LFS-Multiple Primary

A common phenomenon in cancer syndromes is that the same invidividual may have multiple primary cancers at different sites during his/her lifetime. In Li-Fraumeni syndrome (LFS), a rare pediatric cancer syndrome, TP53 mutation carriers are known to have a higher probability of developing a second primary cancer than the non-carriers. In this context, modeling the onset of multiple primary cancers is desirable for a better clinical management of LFS. In this article, we propose a Bayesian recurrent event model based on a non-homogeneous Poisson process in order to estimate a set of penetance for multiple primary cancers related to LFS.
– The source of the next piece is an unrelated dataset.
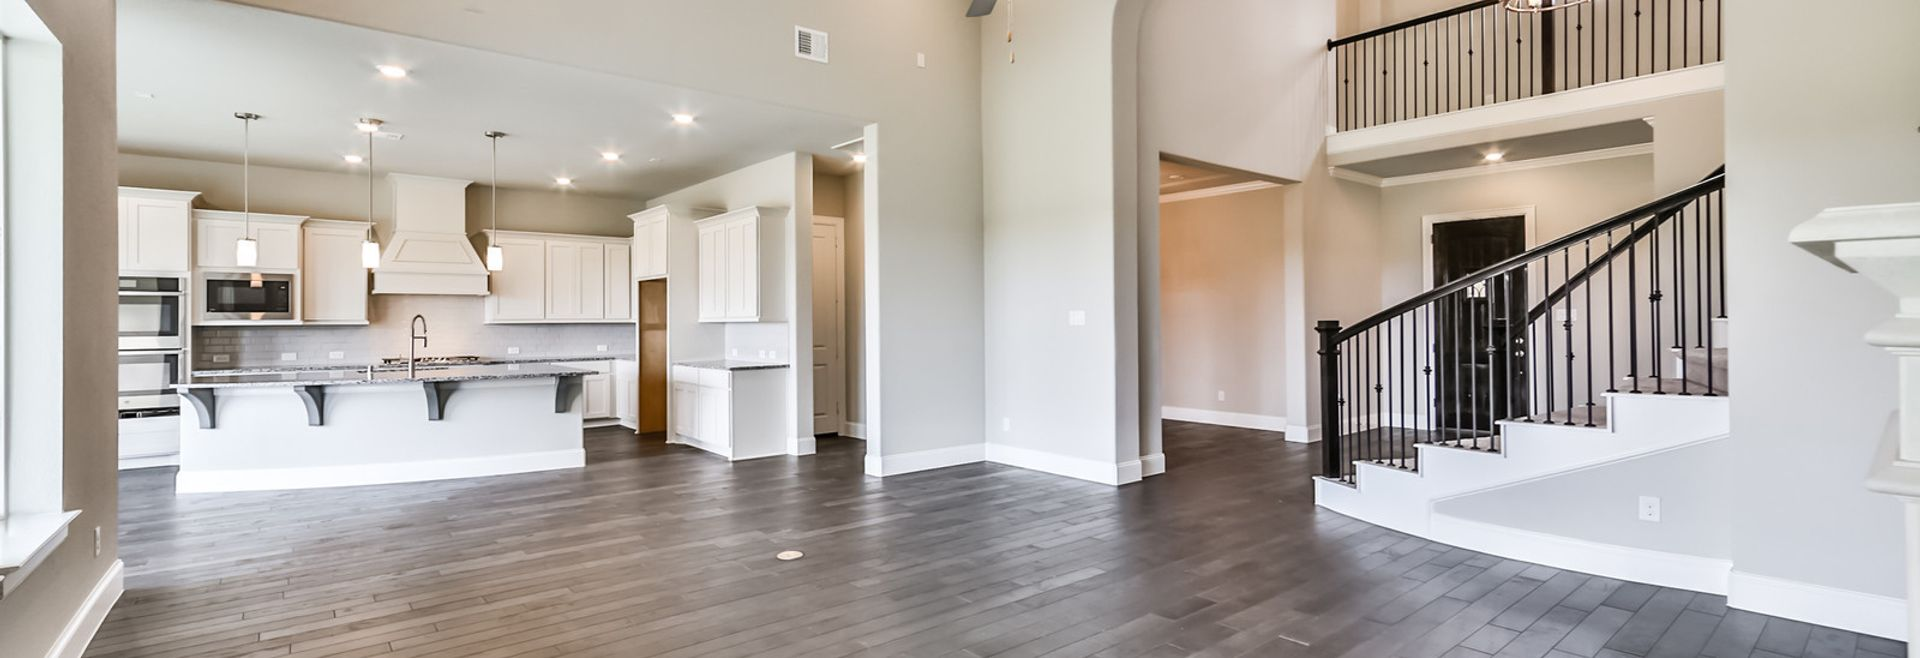 Plan 6050 Kitchen/Living Area

Li-Fraumeni syndrome (LFS) is associated with germline TP53 mutations and a very high lifetime cancer risk. Algorithms that assess a patient's risk of inherited cancer predisposition are often used in clinical counseling. The existing LFS criteria have limitations, suggesting the need for an advanced prediction tool to support clinical decision making for TP53 mutation testing and LFS management. Based on a Mendelian model, LFSPRO estimates TP53 mutation probability through the Elston-Stewart algorithm and consequently estimates future risk of cancer. With independent datasets of 1,353 tested individuals from 867 families, we evaluated the prediction performance of LFSPRO.